Federico Nanni is a PhD student in Science, Technology and Society at the Centre for the History of Universities and Science of the University of Bologna and a visiting researcher at the Data and Web Science Group of the University of Mannheim. His research is focused on understanding how to combine methodologies from different fields of study in order to face both the scarcity and the abundance of born digital sources related to the recent history of Italian universities. In particular, he employed oral histories and traditional hermeneutic practices for reconstructing the evolution of the University of Bologna website, which was excluded from the Wayback Machine of the Internet Archive. Later, he applied text mining methods in order to study the collected data. He finally focused his attention on comparing the changes in academic input and output of this institution during the last two decades by analysing the descriptions of the courses presented on the website and the dissertations abstracts available in the digital library.
Jane Winters is Professor of Digital History at the Institute of Historical Research, University of London. Her research interests include the ways in which researchers in the humanities can work with born digital big data, including the archived web. She was Principal Investigator of a big data project funded by the Arts and Humanities Research Council, ‘Big UK Domain Data for the Arts and Humanities’, which sought to develop a theoretical and methodological framework for the study of web archives over time.
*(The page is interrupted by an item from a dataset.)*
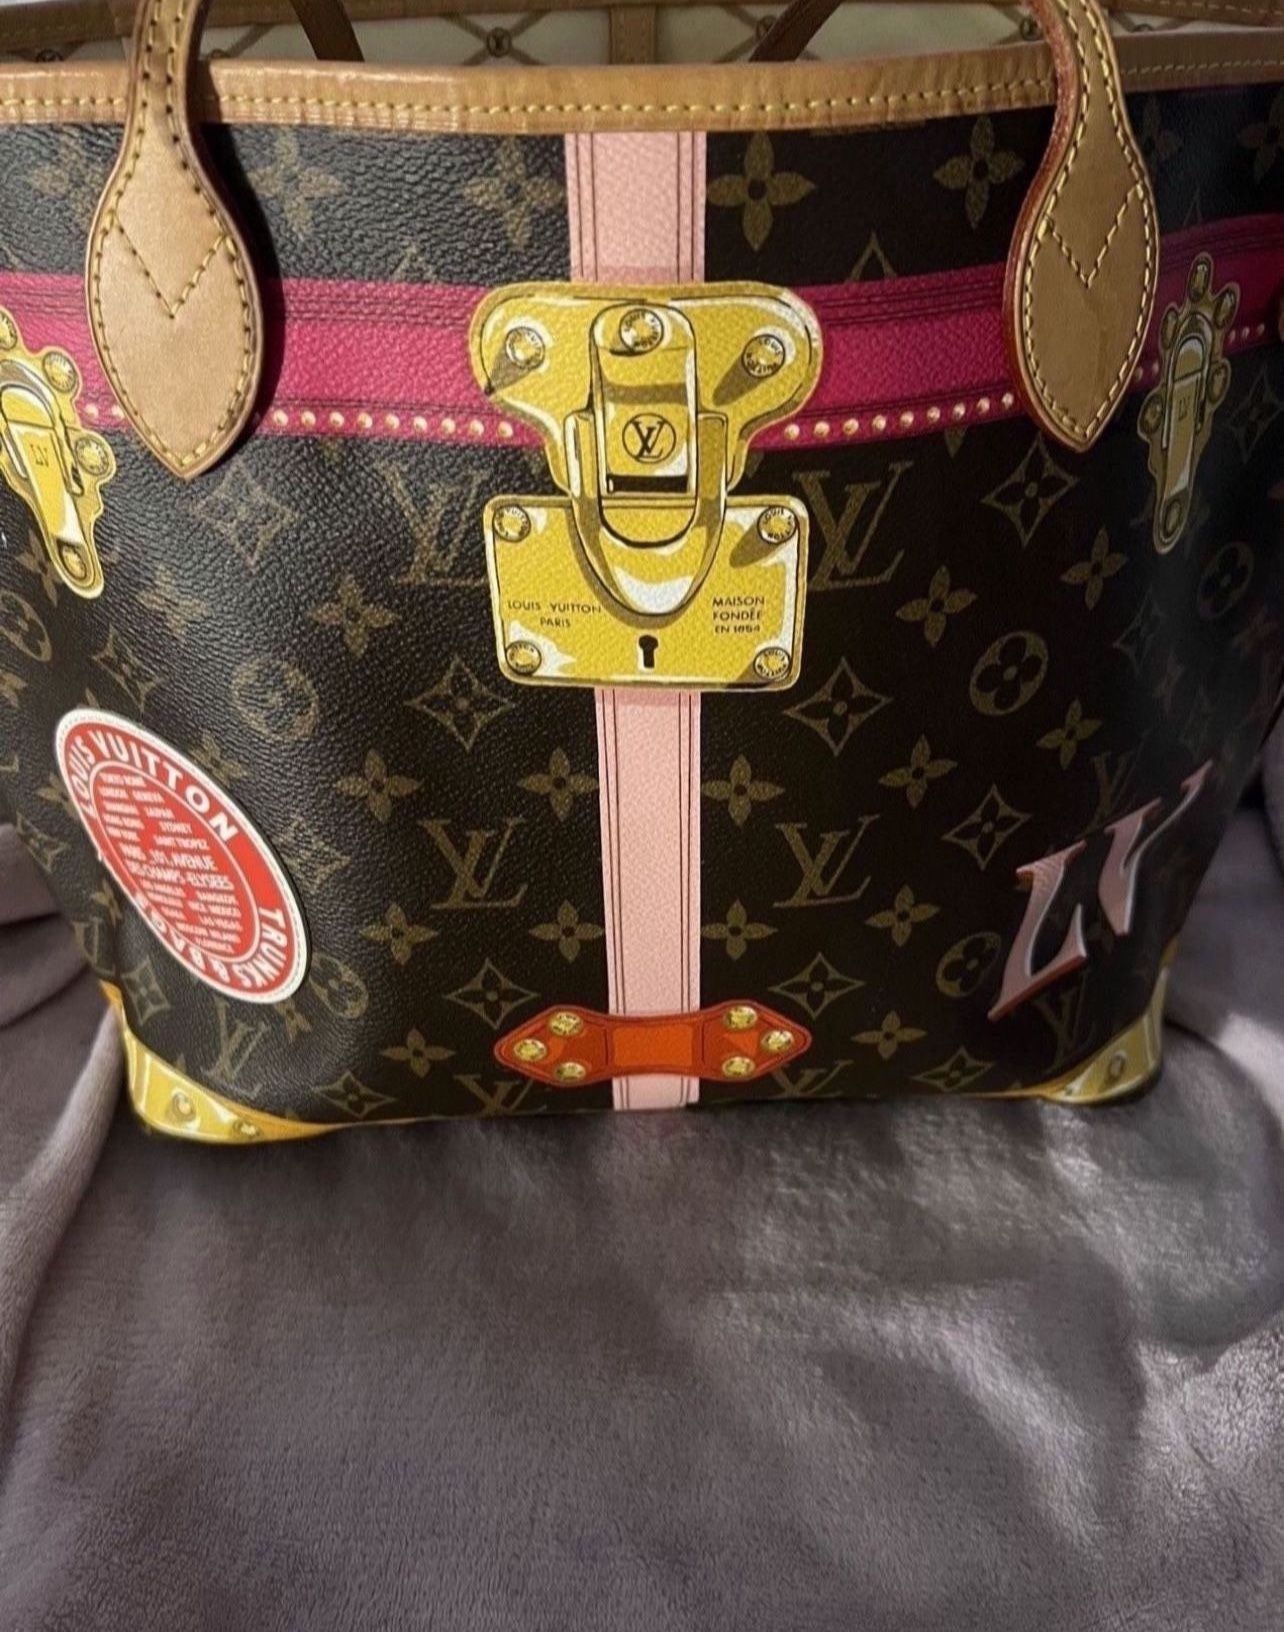 Louis Vuitton Bag for Sale in The Bronx, NY - OfferUp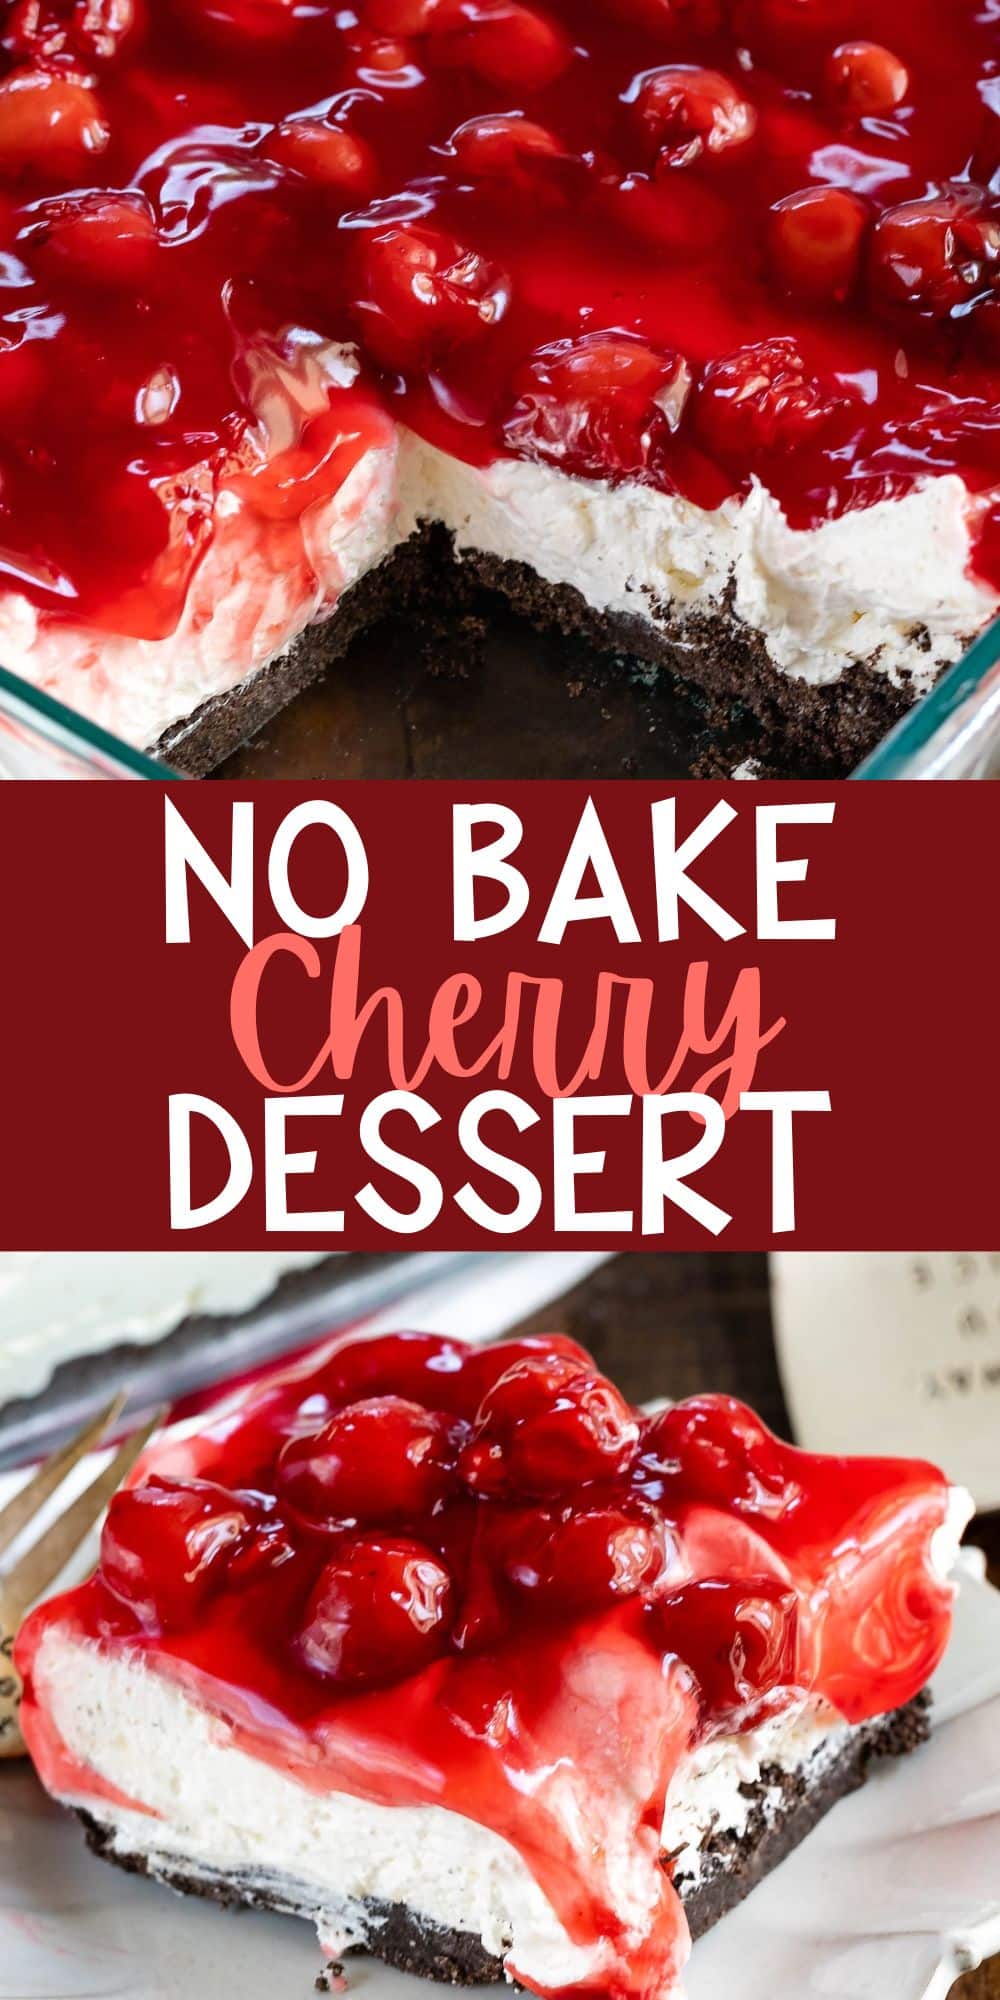 two photos of layered dessert topped with cherries with words on the image.

Drawing on the lessons of this project she will discuss the challenges faced by researchers wishing to work with the archive(s) of UK web space, and suggest ways in which archiving institutions and researchers can collaborate to overcome them. She will address the fractured and diverse nature of the available web archives - from the open and comprehensive UK Government Web Archive to the dataset derived from the Internet Archive for 1996-2013, from a focused institutional collection such as the Parliamentary Web Archive to the ongoing domain crawl undertaken by the British Library since 2013 - and consider the barriers for researchers in the arts and humanities who choose to use this material, whether as a key source for study or simply as one primary source among many.
Together, these six papers all point towards the growing significance of web archives within contemporary historical practice. In order to encourage the discussion, each speaker will briefly introduce his or her work (5 min), then another speaker will address a general comment (5 min) and following there will be an open discussion (5 min). 1
The building blocks of the field are in place: what is needed is a discussion within the historical community, but also towards the broader field of digital humanities practice. Our discussion will look to find commonalities and similarities both within our work, but also within the broader DH 2016 conference.
A similar format has been already successfully employed at the conference “Web Archives as Scholarly Sources: Issues, Practices and Perspectives”, Aarhus, 2015.